バラネシュティはヤローヴェに真剣な目で言った。


 ヤローヴェは何事だろうと不安な表情をし、密談ということであればと村の中心にある食事処へ行き、奥の部屋を借りた。

ヤローヴェは、バラネシュティがヴラドを連れてきたことから、ヴラドに何かしら役職を与えようとしているのだろうと推測した。

だが実際の話は全く予想だにしていない話だった。


「……そうか。やはりヴラドがドラガン・カーリクだったのか」


 ヤローヴェはドラガンを見て何度も頷いた。


「あの時点で素性がバレたら、確実に殺される思うたんでな」


「懸命な判断だったと思う。今なら私も同じように思うよ」


 二人はドラガンの顔を見て頷き合った。

ドラガンは会釈するように小さく頷いた。


「竜産協会の窃盗の話、何でもええんやけど聞いてることあらへん?」


「詳細に関しては全く。後で行商のやつにも聞いてはみますけど」


 ヤローヴェも竜産協会の窃盗の噂は報告を受けているらしい。

だがあくまでそういう噂だと聞いている。


「ヴラドの話やと、ベルベシュティ地区も何頭かいかれてるいう事やけど?」


「それも他の村とかに聞いてみないと何とも……」


 他の村という単語に、バラネシュティは眉をひそめた。


「他の村はちとマズいやろなあ。聞いたら色々勘ぐられてまうやろう。うちの村は理解を得たやろうけど、他の村まではまだ……」


「それはそうですね……じゃあどうやって情報を得ます? 潜入させて探らせますか?」


 それもなあとバラネシュティは難色を示した。

今のロハティンの状況がわからない以上、なるべく不審な動きはするべきじゃないだろう。

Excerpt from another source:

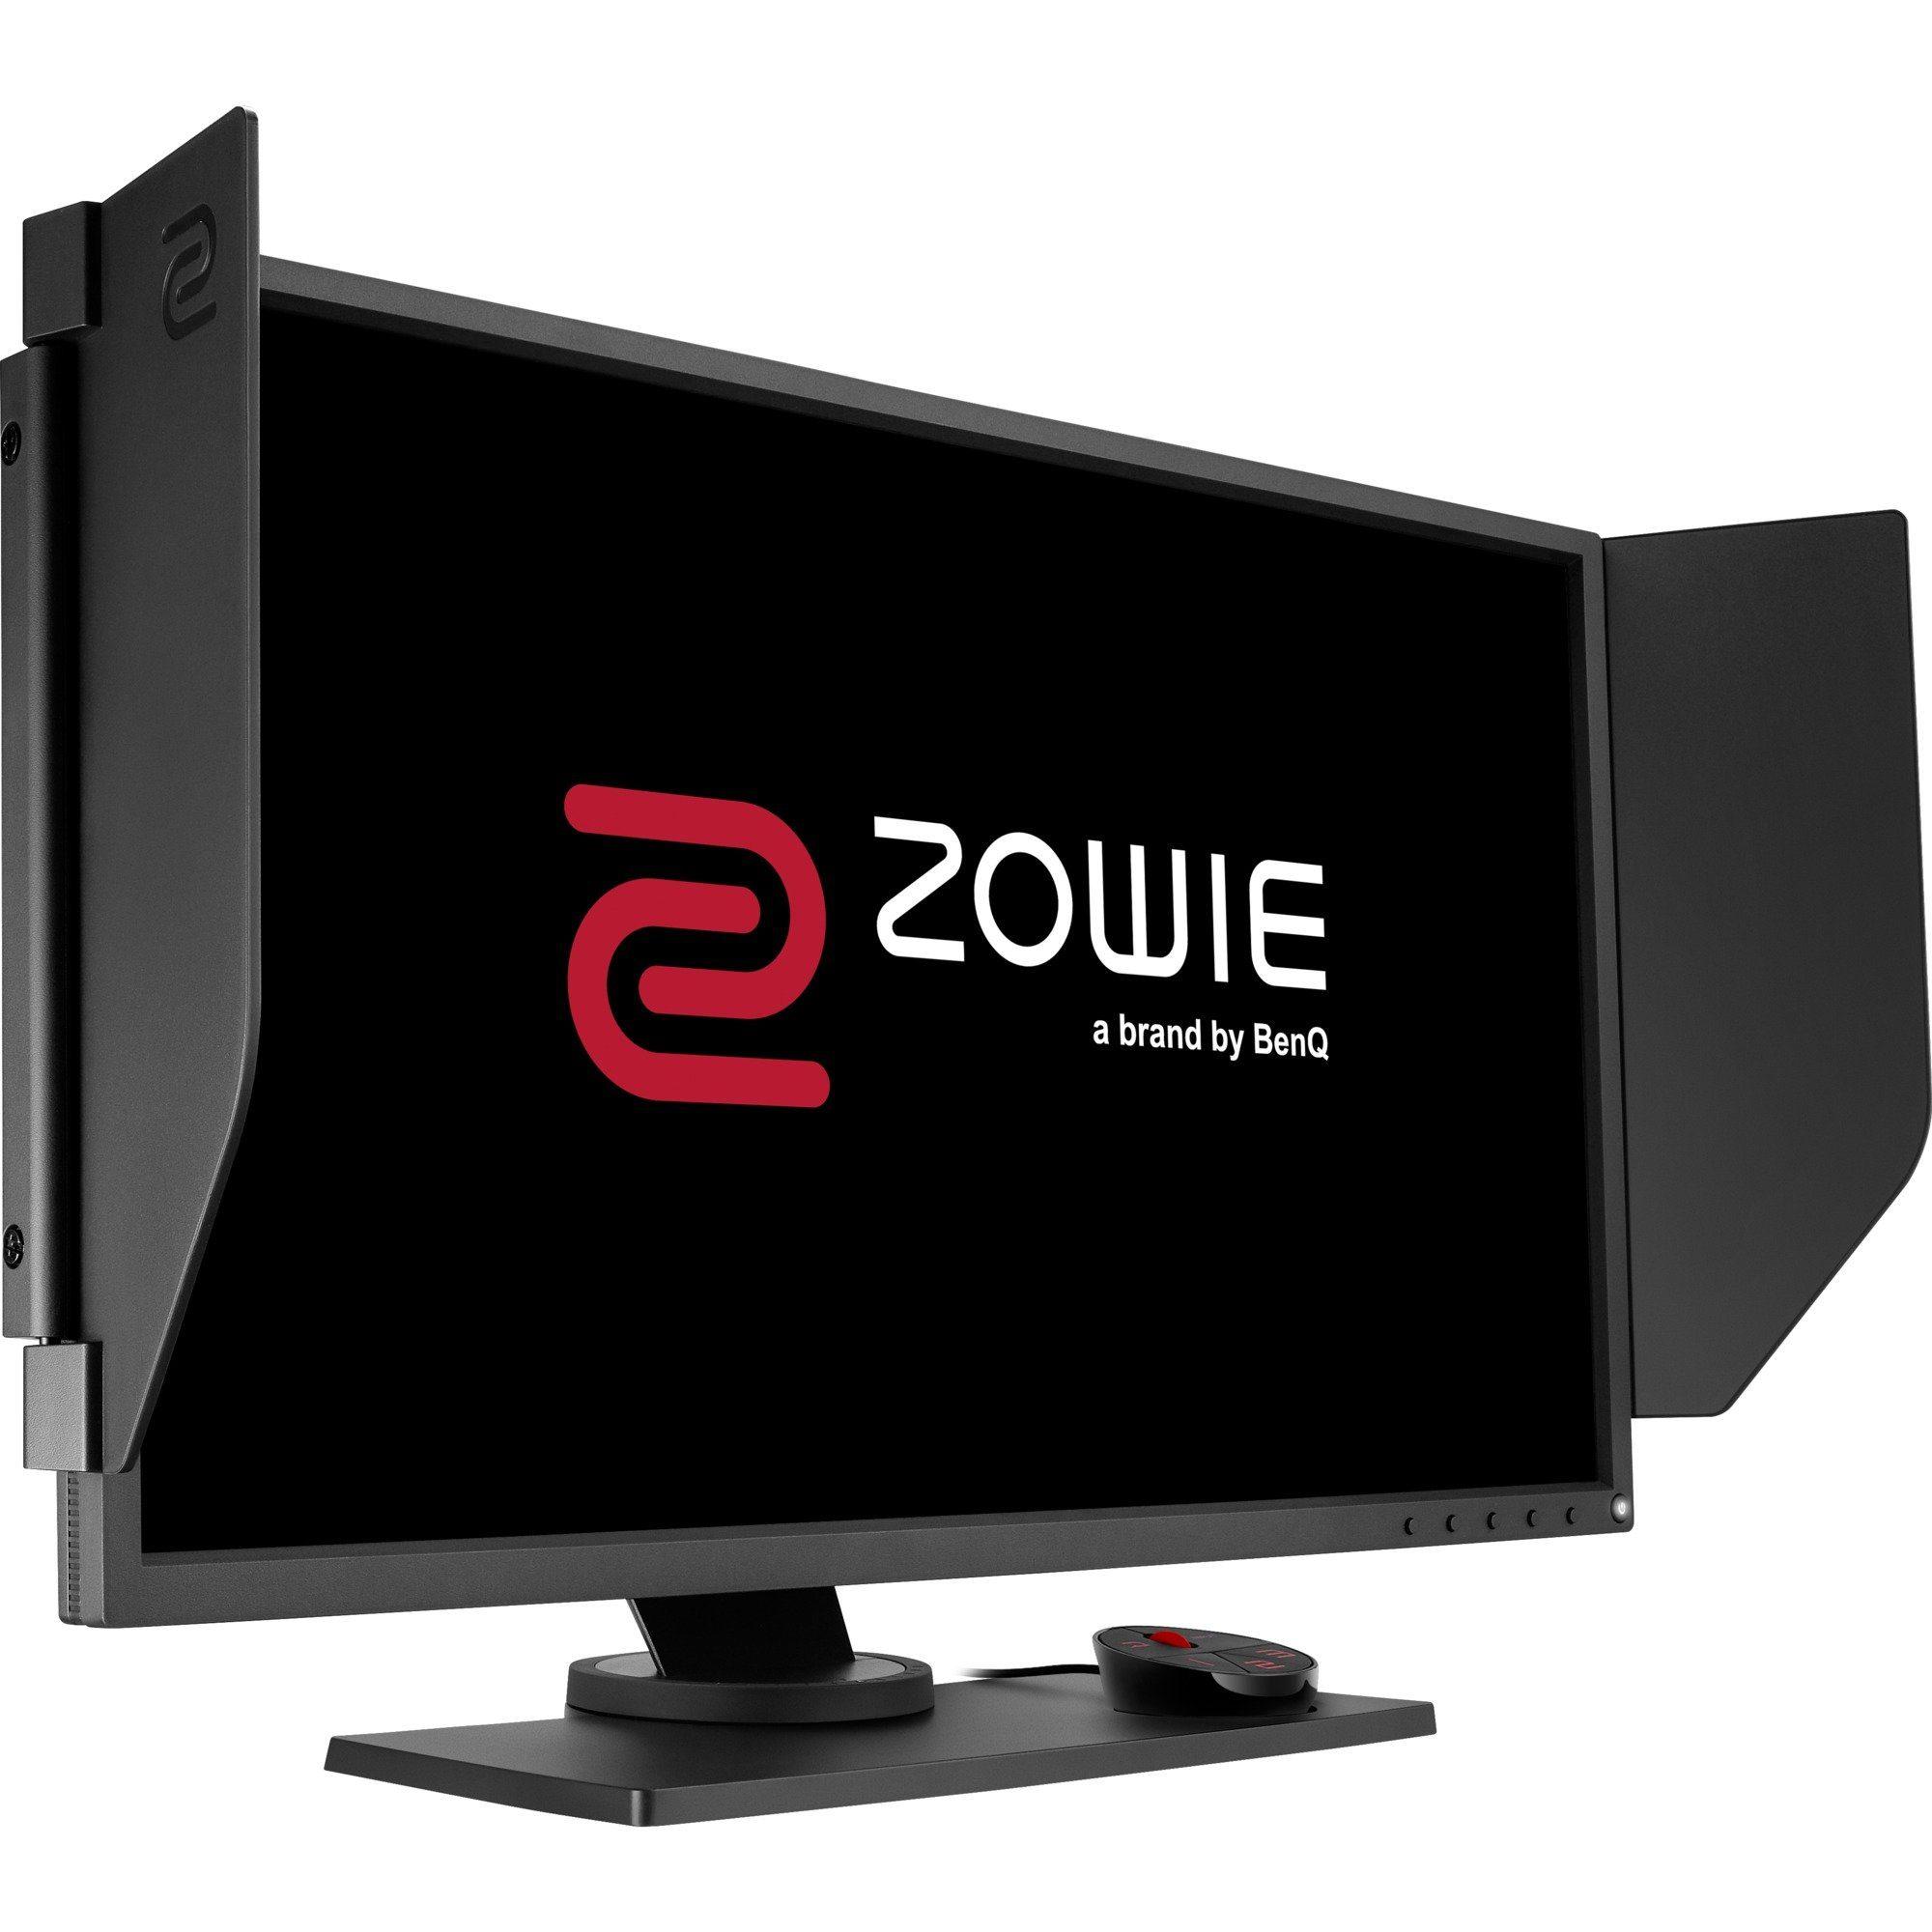 BenQ LED-Monitor »XL2536, HDMI, DVI-DL, Displayport«

「ヴラドの話やと、ドワーフの護衛がエルフの冒険者に協力を求めたいう事らしいねん」


「それはロハティンのですか?」


「そうらしい。うちらエルフの入れ知恵で噂たてることになって、大事になったらしいねん」



 そこまでの詳しい話はヤローヴェも聞いていなかった。

どうやら自分が報告を受けていない情報が、まだ多くあるらしいとヤローヴェは感じた。

まずはうちの行商が何か知らないか呼んでみよう。

そういう話になった。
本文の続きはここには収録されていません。